The other day when I was on campus I ran into my one Belgian friend who's a classicist, but not one of those classicists, and I asked him if the Zwarte Piet tradition existed among the Flemish.
As it turns out, it did.
"Yes," he was like, "And some people think it's racist, but I don't know. We have so few black people in Belgium, and it's hard for me to evaluate something that is such a fond memory from my childhood. And in any case our liberal education system makes up for it."
That night, I hung out with some people at the student bar, including a person in my program from Texas and his wife, who is also in my program and is also from Texas via India and Kuwait (her parents are originally from India but ran businesses elsewhere and ended up in the U.S.).
"That tradition isn't that odd," the guy was like, "We have people who dress up like that all the time in Texas. Only they pretend to be Indian."
"Yes," his wife was like, "And they talk like this," and she did a stereotypical heavy Indian accent.
"And they throw samosas at the heads of children who behave badly!", I was like, and at that his wife mock-scornfully was like, "No, what are you talking about, they throw chapatis."

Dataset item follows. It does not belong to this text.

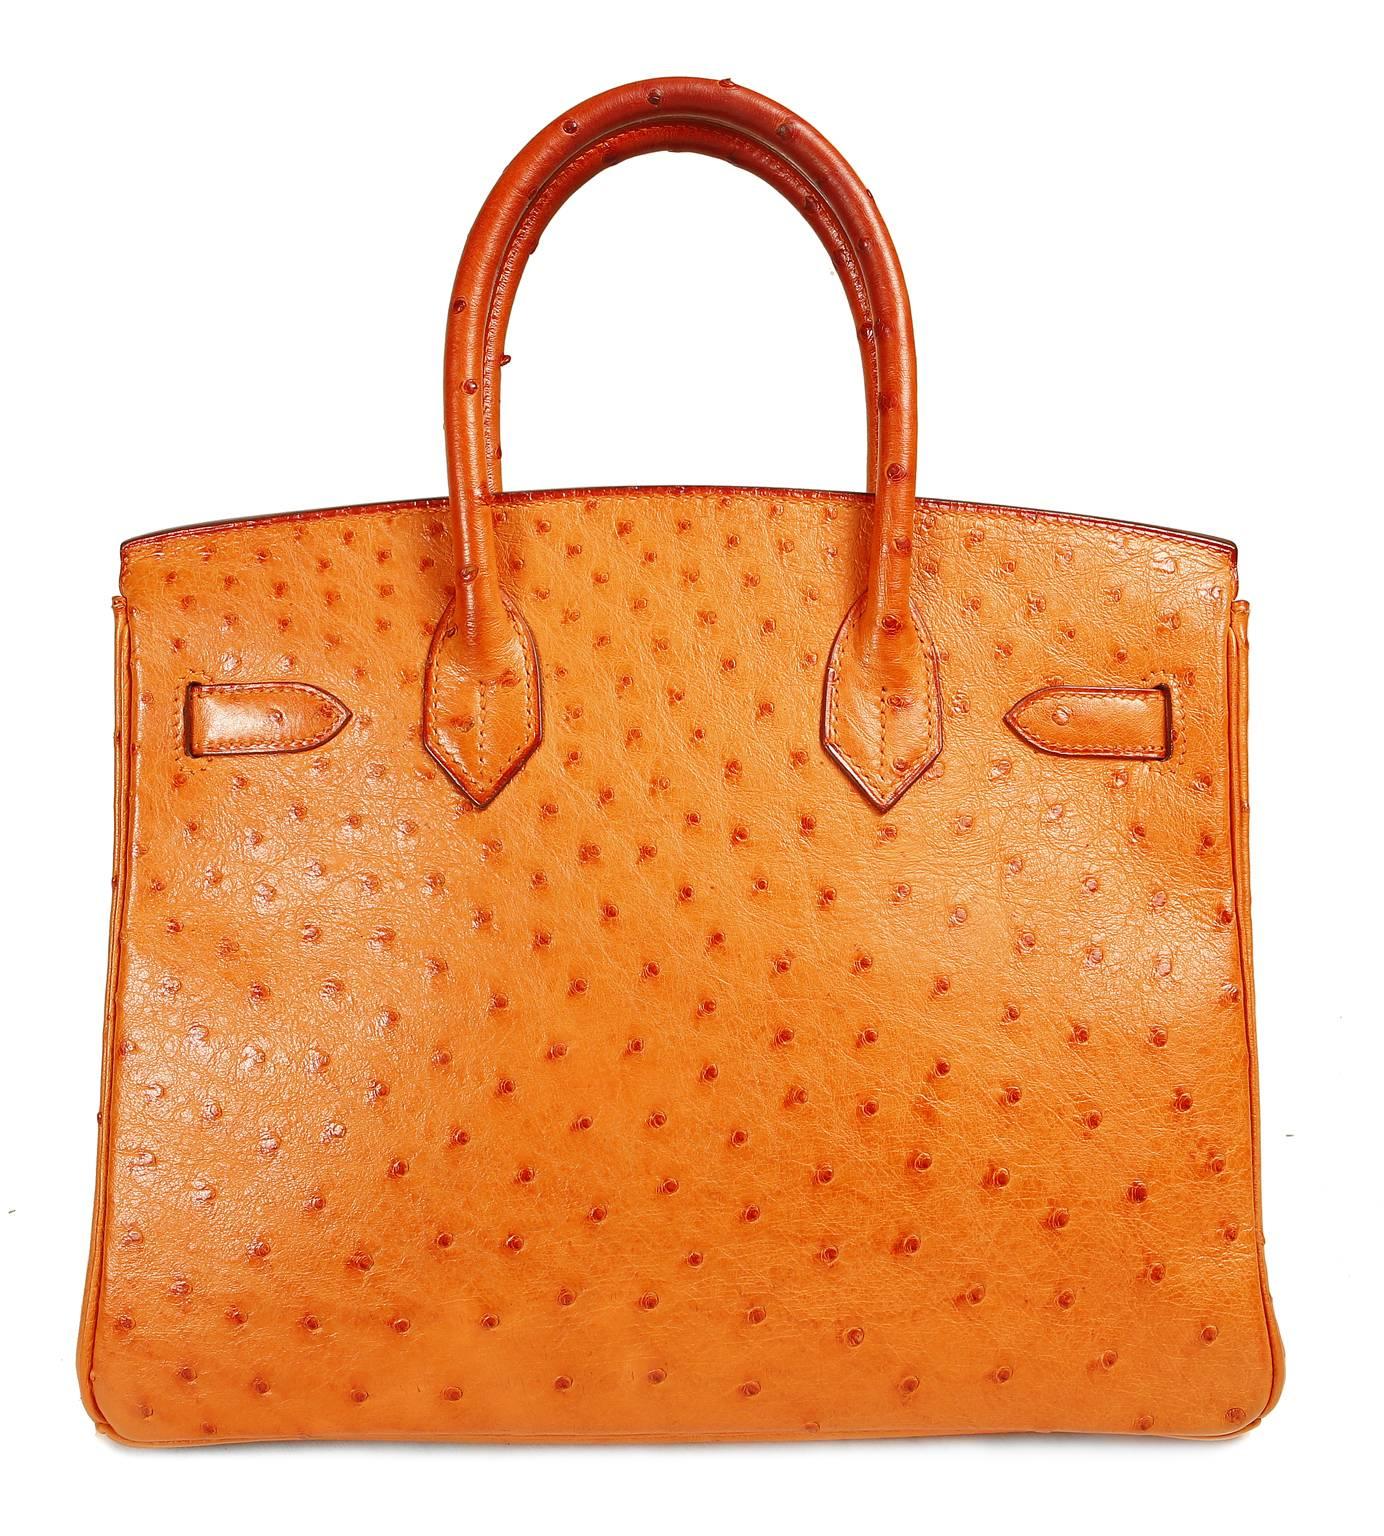 Hermès Orange Ostrich 30 cm Birkin is in pristine condition.  Hermès bags are considered the ultimate luxury item the world over.  Hand stitched by skilled craftsmen, wait lists of a year or more are commonplace.  This particular Birkin is in

Later, too, me and her were talking, and she was like, "I can't believe [the one Belgian guy, who she also knows] said that. But, that's the thing about racism, no-one thinks they're racist."
Then, she said that she never tries to accuse people of being a racist, but rather asks them very very hard questions which kind of make them reflect on their prejudiced sentiments, though she comes across misogynist statements more often than racist ones.
"Really?", I was like, "I thought you usually just reached down and gave the guy's balls a hard twist."
"That too, sometimes," she was like.